Monday morning
April 27
Notes on Crate Training
Crate Training One of the under-discussed truths about crate training is that the best practitioners often do less of it, not more. They learn to d...
Written by Elliott Mason, April 27, 2026
Dog Training sits in an awkward place online. Search for it and you get either product affiliate links or gatekeeping, with very little in between. This is a quiet attempt at the in-between: a small site about doing dog training at a sensible level, by someone who has been walking long enough to know which advice survives contact with reality.
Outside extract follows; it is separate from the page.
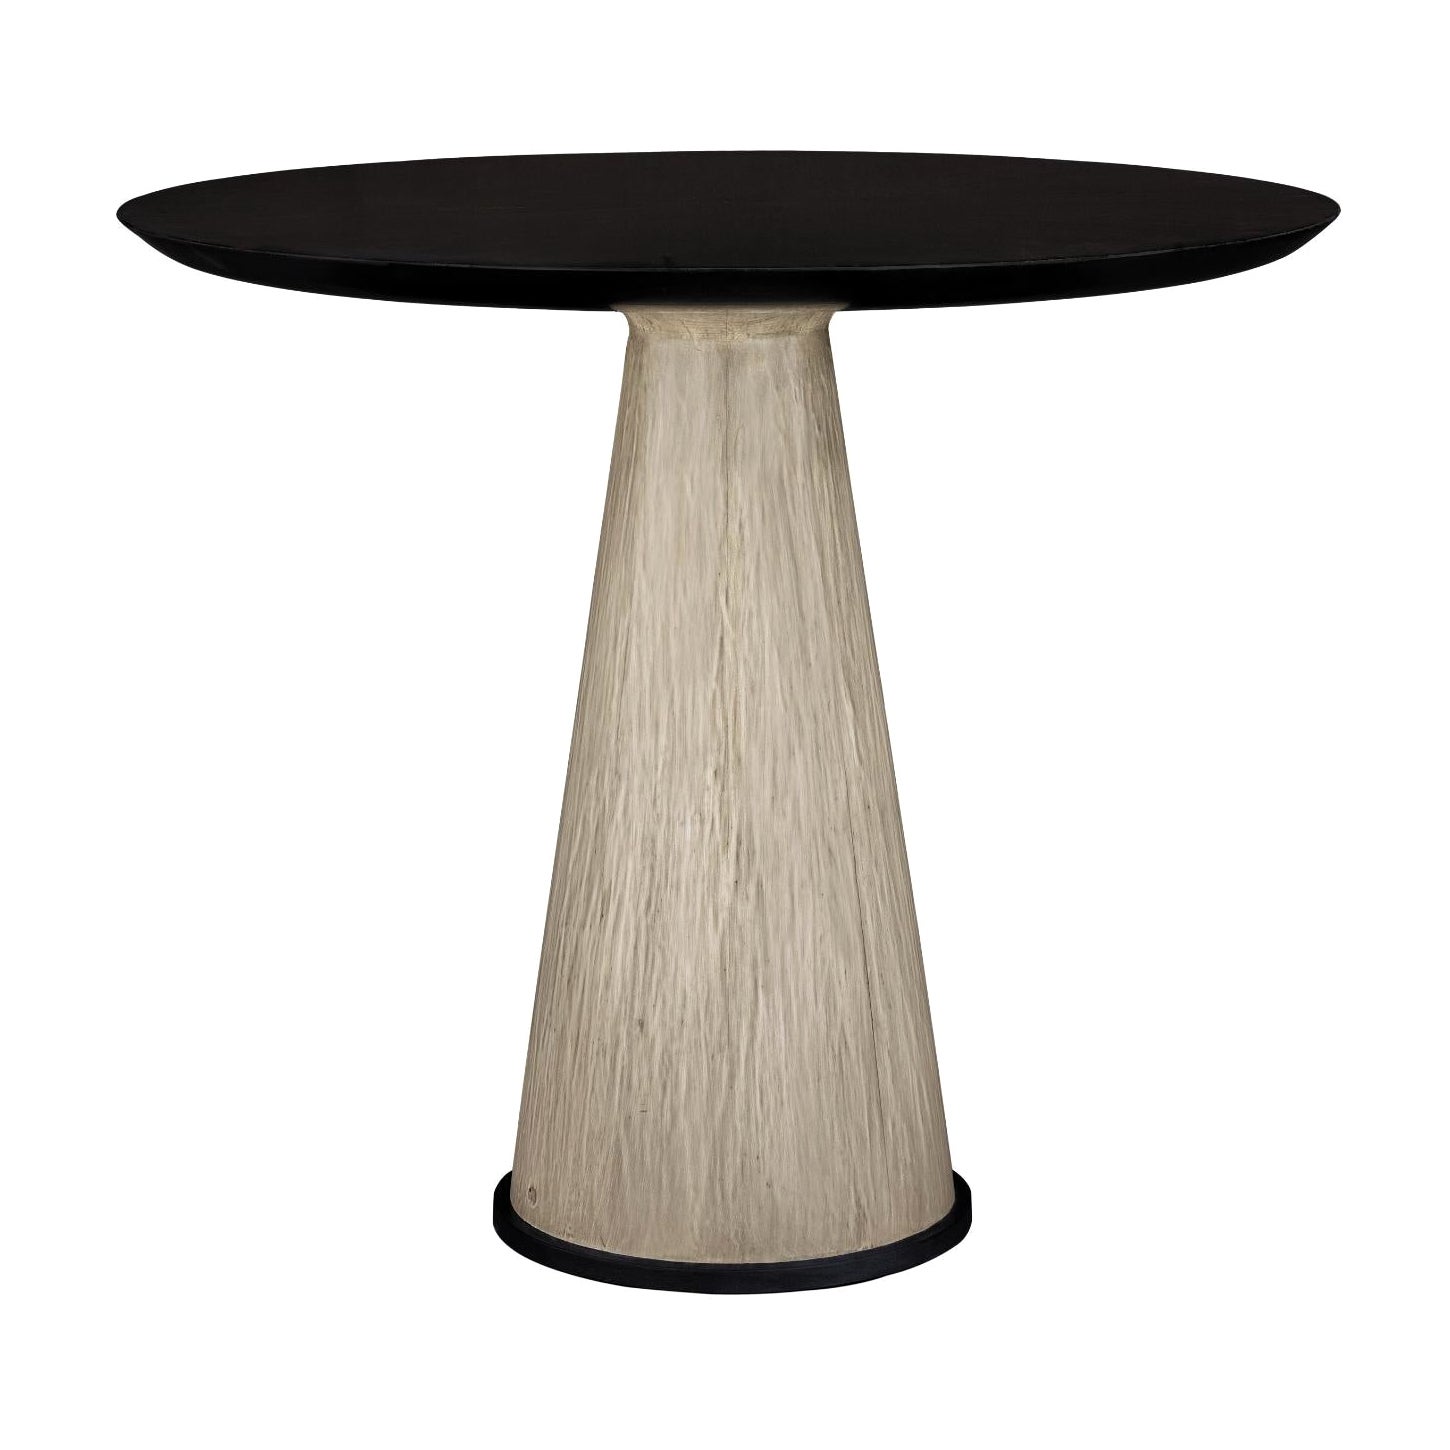 Wood Circular Occasional Dives Table with a Contrasting Conic Base For Sale

The most useful place to start is leash walking. Get that right and most of the common beginner problems disappear. crate training is the next thing worth your attention. Beyond that, the rest is fine-tuning.
Crate Training
If there is one place where new dog training hobbyists overspend, it is on equipment for crate training. The marketing makes it sound as though the right gear is the difference between failure and success. In practice, the cheapest competent option for crate training is good enough for the first year, and most of the improvement in that year comes from the person rather than the kit.
That said, crate training is also a place where one mid-priced upgrade can transform the experience after the basics are in. Beginners often save in the wrong place and spend in the wrong place. The simple rule: get the cheapest decent version while you are learning, and upgrade only when you can name the specific limitation you are running into.
Leash Walking
The most common question newcomers ask about leash walking is some version of "am I doing this right?" The honest answer is usually "close enough, keep going." Leash Walking is not a binary skill. There are better and worse approaches, and there are catastrophic mistakes you should avoid, but inside that range any reasonable method that you stick with consistently will improve your dog training steadily.
If you want concrete reassurance: work on leash walking for a month, then look at your results from week one alongside week four. The improvement is almost always visible. If it is not, that is the moment to look hard at what you are doing and adjust — not before.
Recall
Recall divides dog training hobbyists into two groups: those who think it is the most important part, and those who hardly think about it at all. Both can be right. recall matters more in some styles of dog training than others, and figuring out which camp you should be in is itself a useful exercise.
If you are unsure: spend two or three sessions explicitly focused on recall — pay attention, take notes, try small variations. If those sessions feel revealing and produce noticeable improvement, recall is probably one of your high-leverage areas. If they feel mostly redundant, you are likely in the camp that should focus elsewhere. Either answer is fine.
House-Training
House-Training divides dog training hobbyists into two groups: those who think it is the most important part, and those who hardly think about it at all. Both can be right. house-training matters more in some styles of dog training than others, and figuring out which camp you should be in is itself a useful exercise.
If you are unsure: spend two or three sessions explicitly focused on house-training — pay attention, take notes, try small variations. If those sessions feel revealing and produce noticeable improvement, house-training is probably one of your high-leverage areas. If they feel mostly redundant, you are likely in the camp that should focus elsewhere. Either answer is fine.
None of this is meant as the last word. dog training is a hobby in which experience reliably outperforms instruction, and the only way to develop that experience is to keep practicing with. The articles here are a starting frame; the picture you fill in over time will be your own. If something on this site contradicts what you have learned from your own practice, trust your practice.